THE PROBLEM -
Keep every word the same. Repeat the records without their images.

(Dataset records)

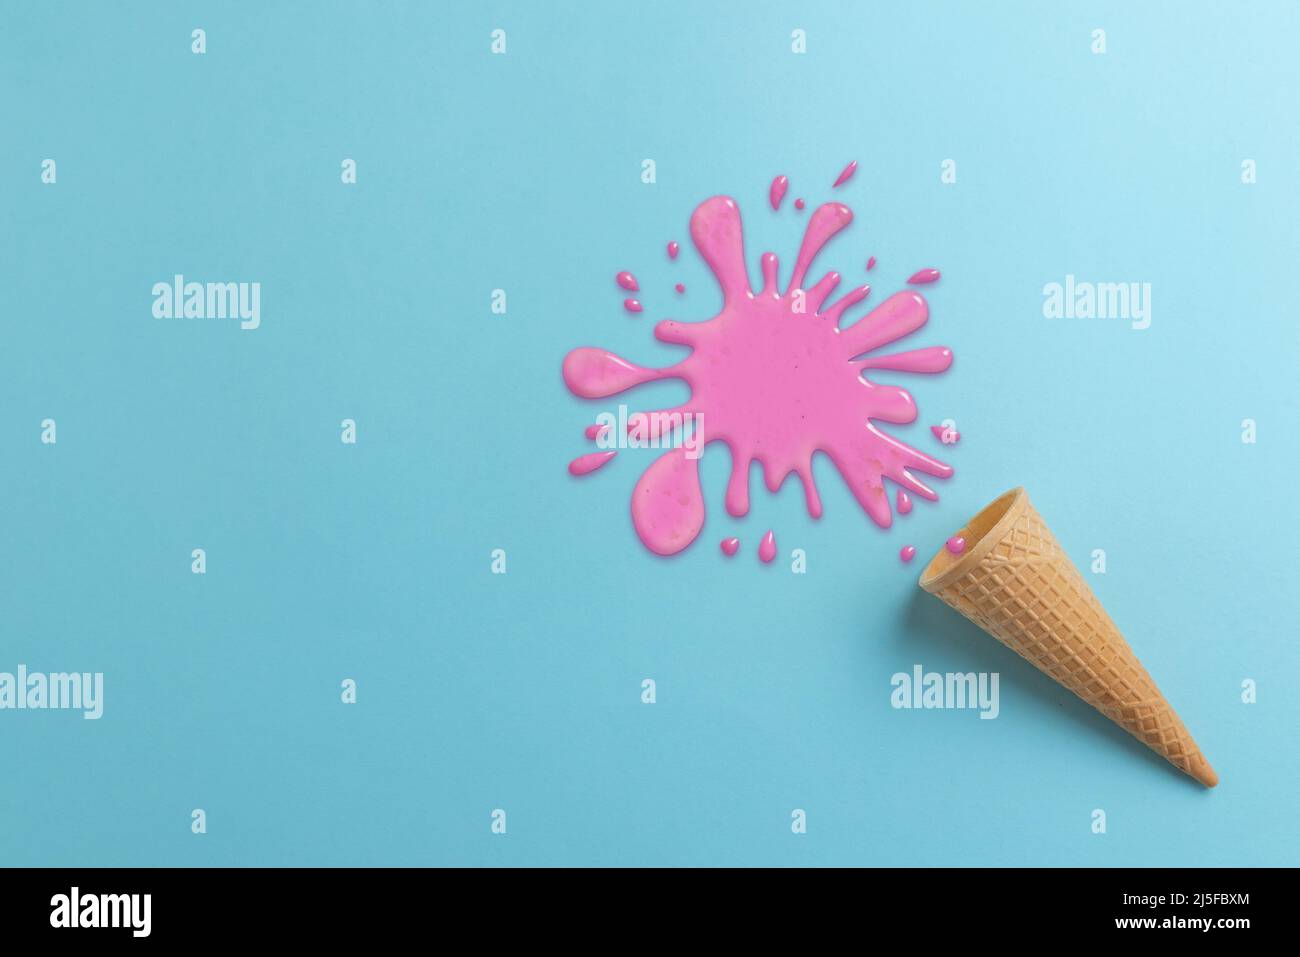 Fallengelassene Eiscreme auf Cyan Oberfläche Konzept. Verschüttete rosafarbene Creme. Draufsicht, flache Lay-Komposition Stockfoto
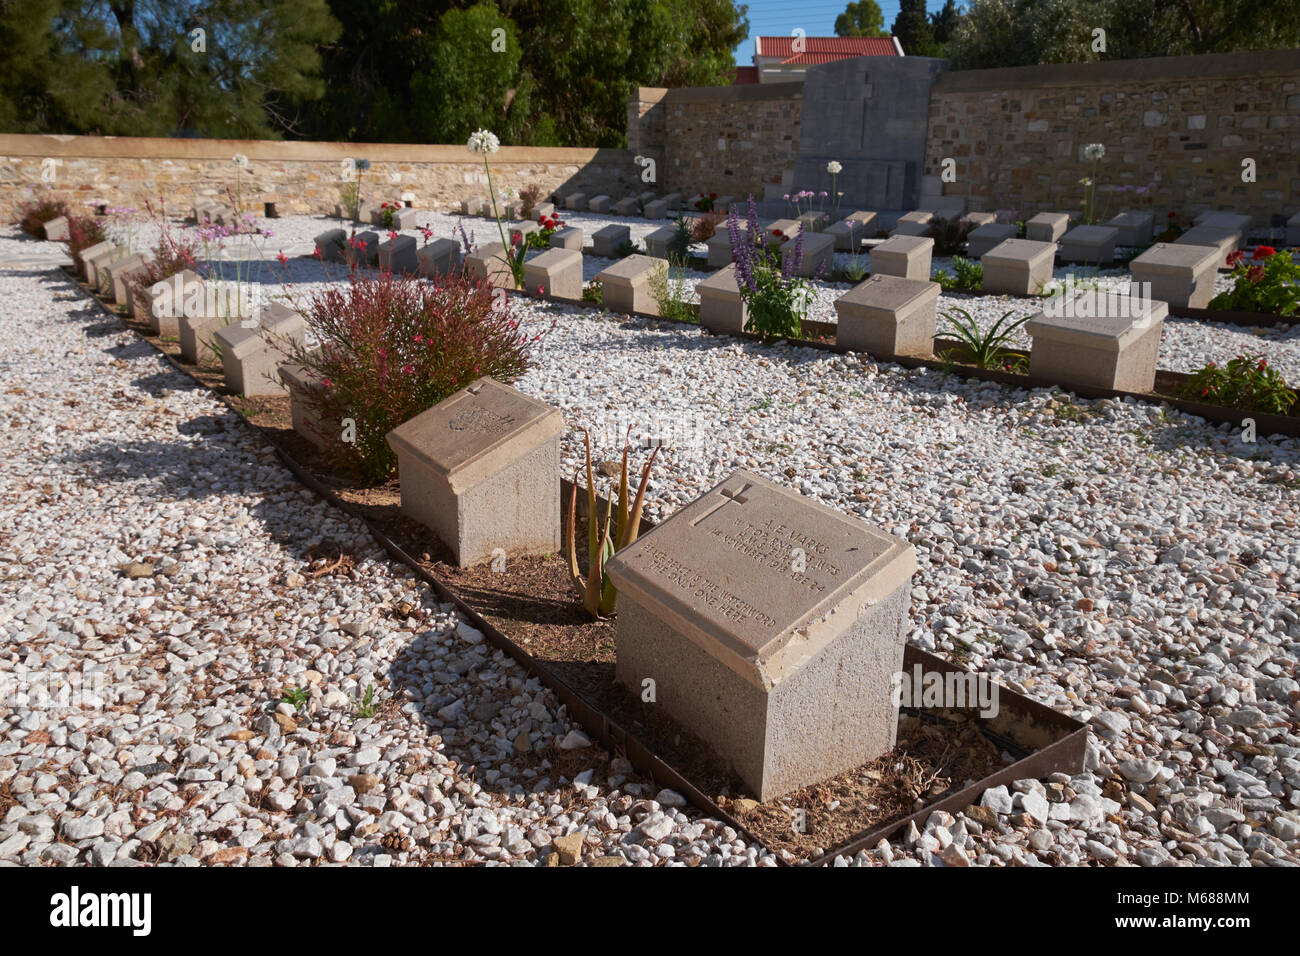 El Syra Nuevo Cementerio Británico, Ermoupoli, Syros (aka Siros o Syra), Cyclades, Grecia, es mantenida por la comunidad Comisión de tumbas de guerra. Foto de stock
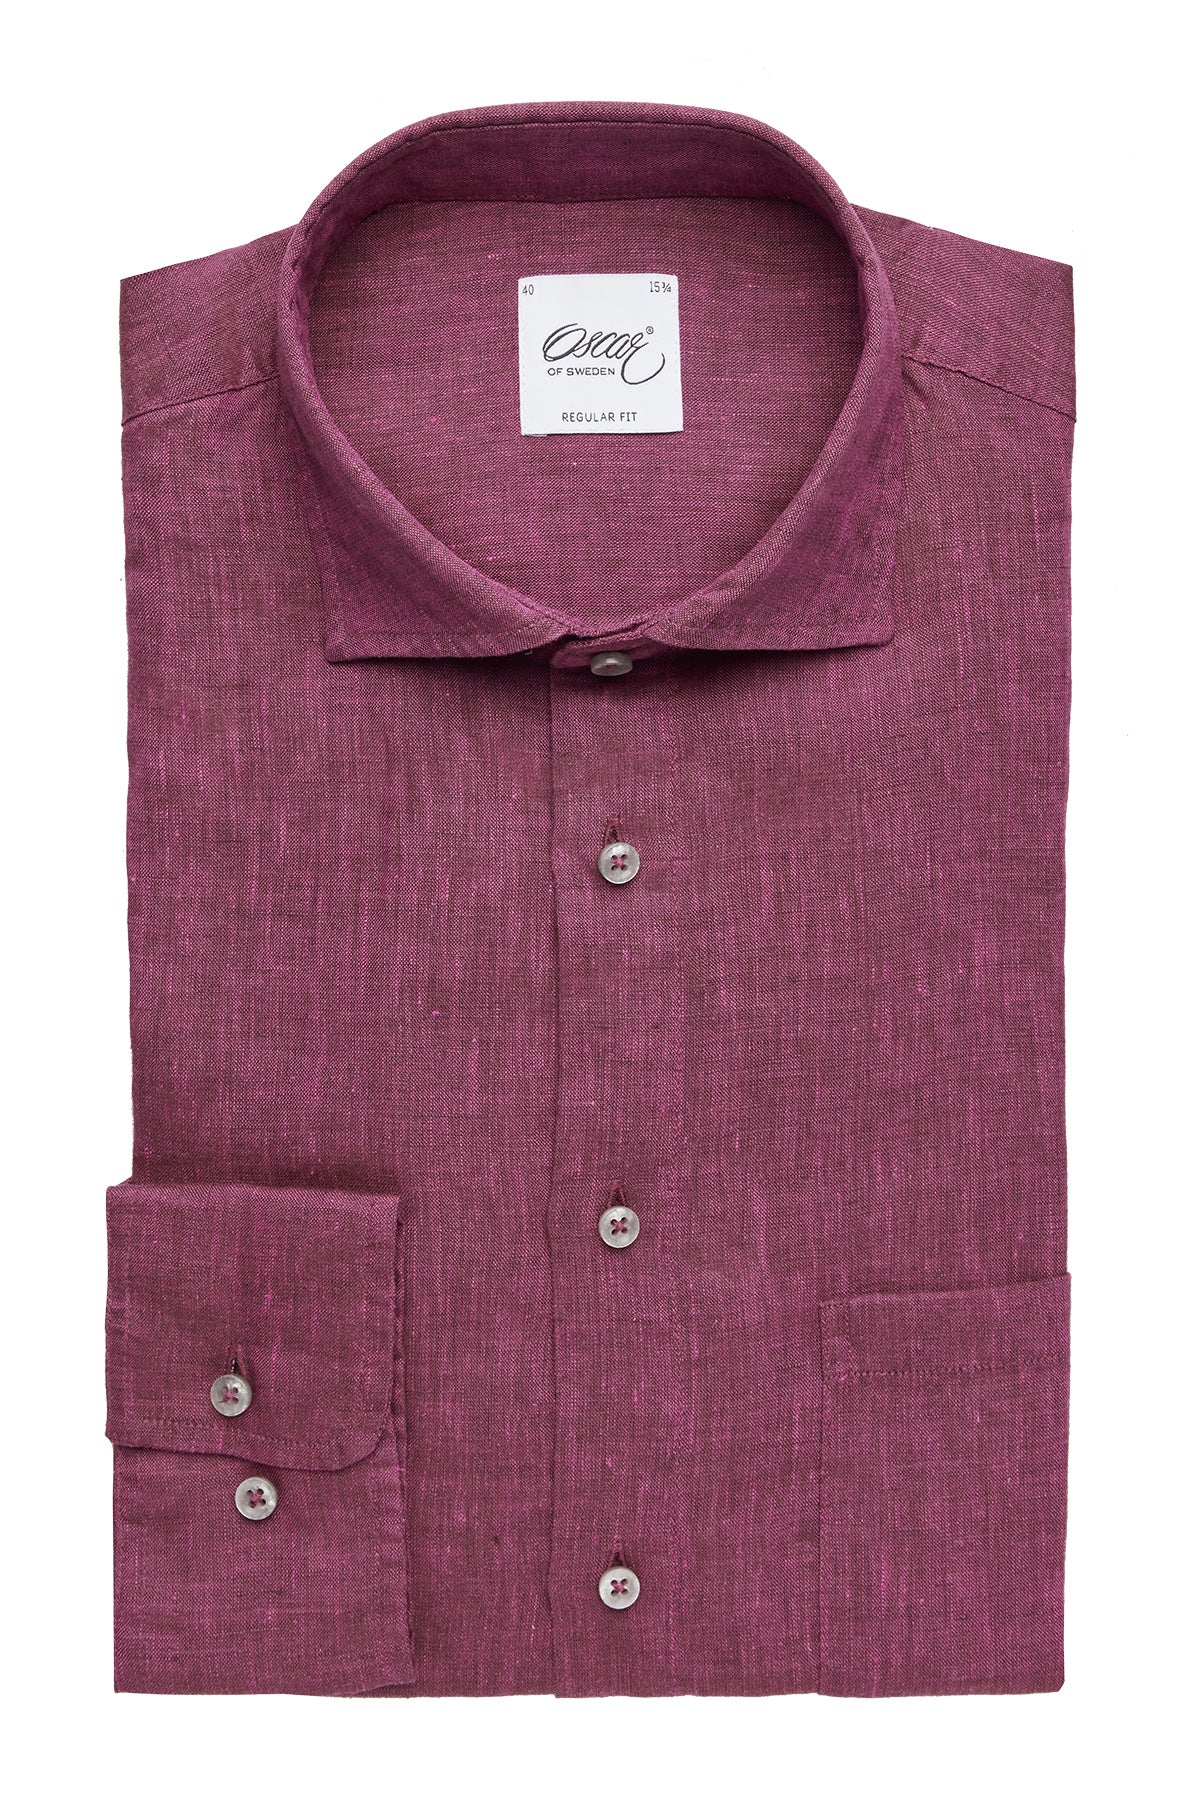 Burgundy linen regular fit shirt
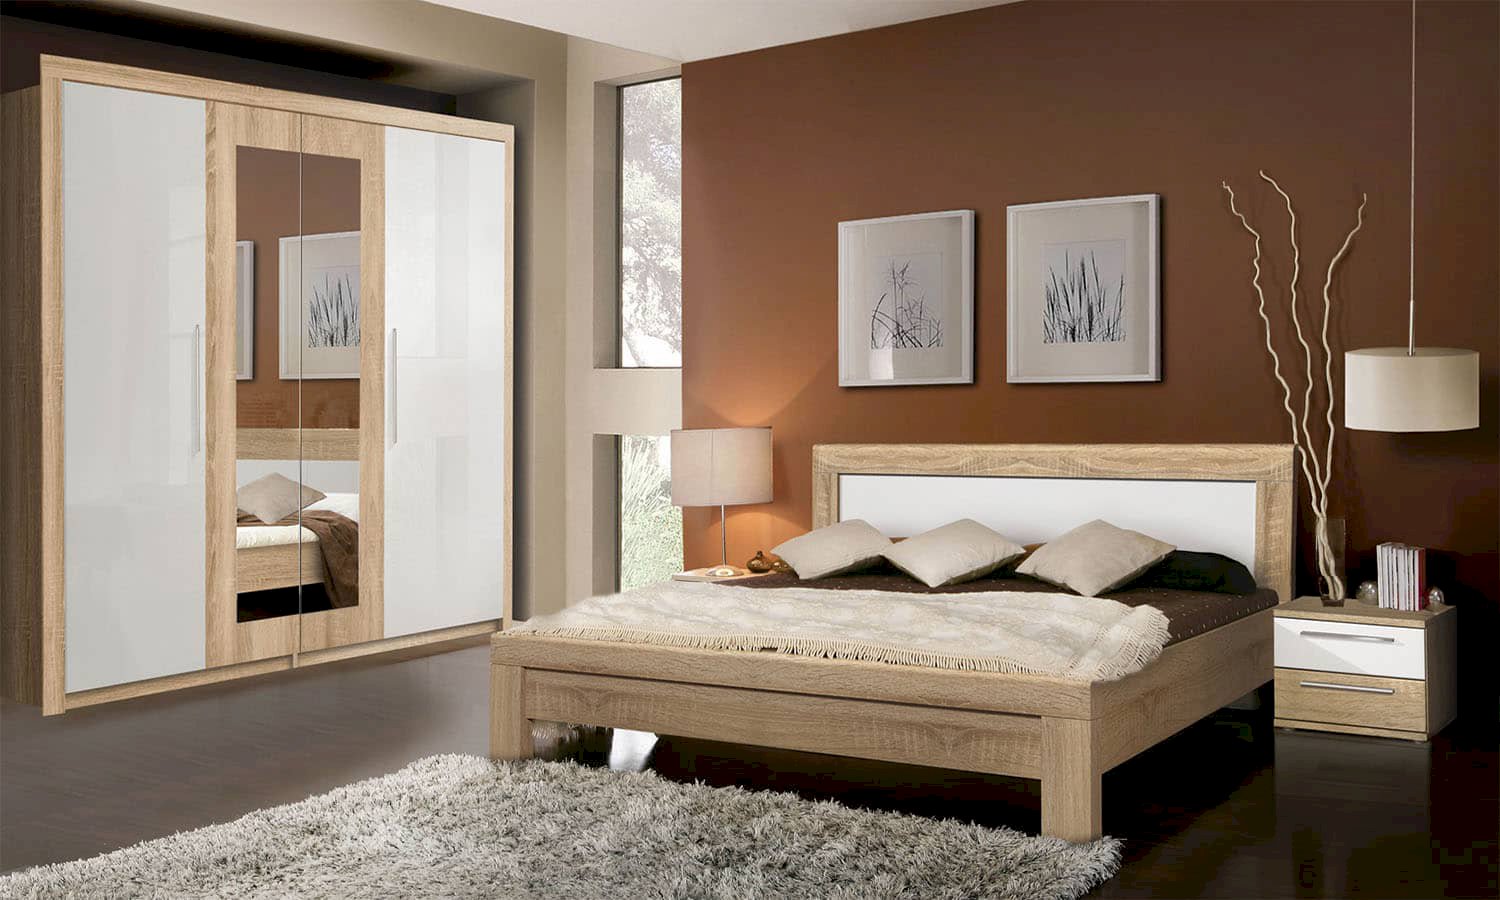 Sypialnia dąb Sonoma: jaki kolor ścian będzie najlepszy?
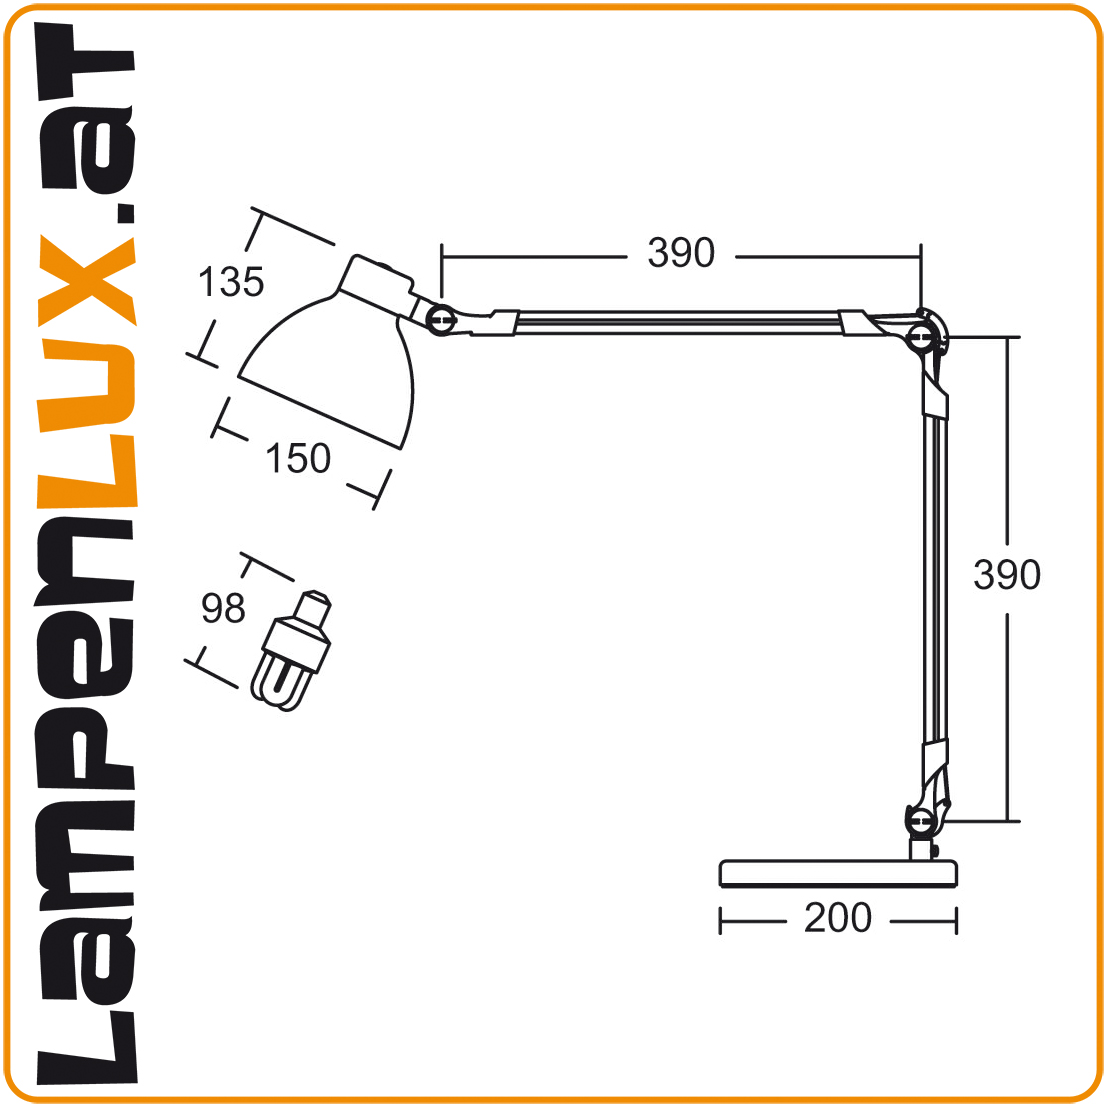 Lampenlux LED Tischlampe Tischleuchte Pana schwenkbar mit Schalter weiss E27 4W
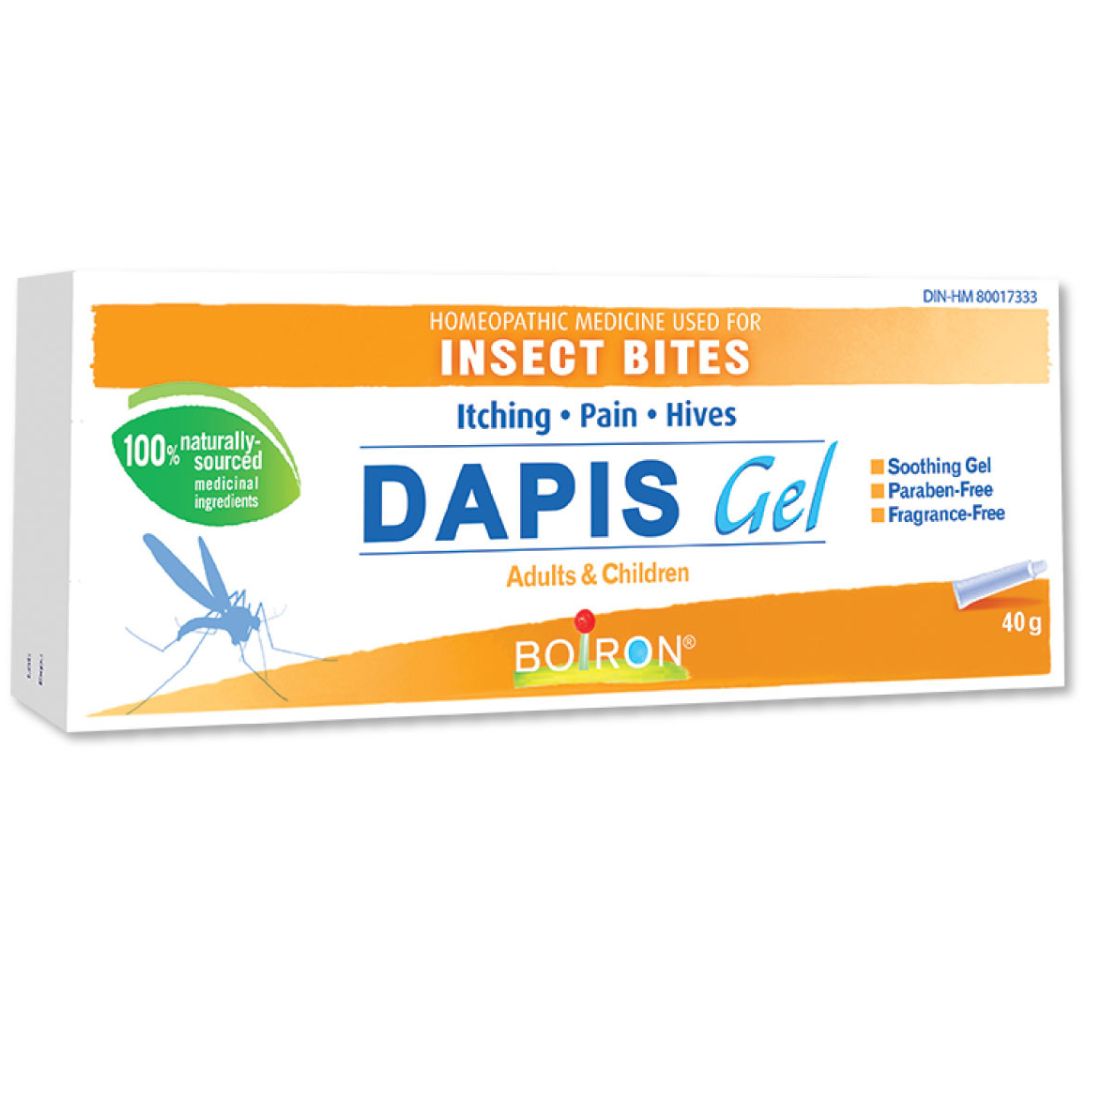 Boiron Dapis Gel, Soothes Bug Bites Naturally, Paraben Free, 40g

WRITTEN ANSWER -
 Fallengelassene Eiscreme auf Cyan Oberfläche Konzept. Verschüttete rosafarbene Creme. Draufsicht, flache Lay-Komposition Stockfoto
 El Syra Nuevo Cementerio Británico, Ermoupoli, Syros (aka Siros o Syra), Cyclades, Grecia, es mantenida por la comunidad Comisión de tumbas de guerra. Foto de stock
 Burgundy linen regular fit shirt
 Sypialnia dąb Sonoma: jaki kolor ścian będzie najlepszy?
 Lampenlux LED Tischlampe Tischleuchte Pana schwenkbar mit Schalter weiss E27 4W
 Boiron Dapis Gel, Soothes Bug Bites Naturally, Paraben Free, 40g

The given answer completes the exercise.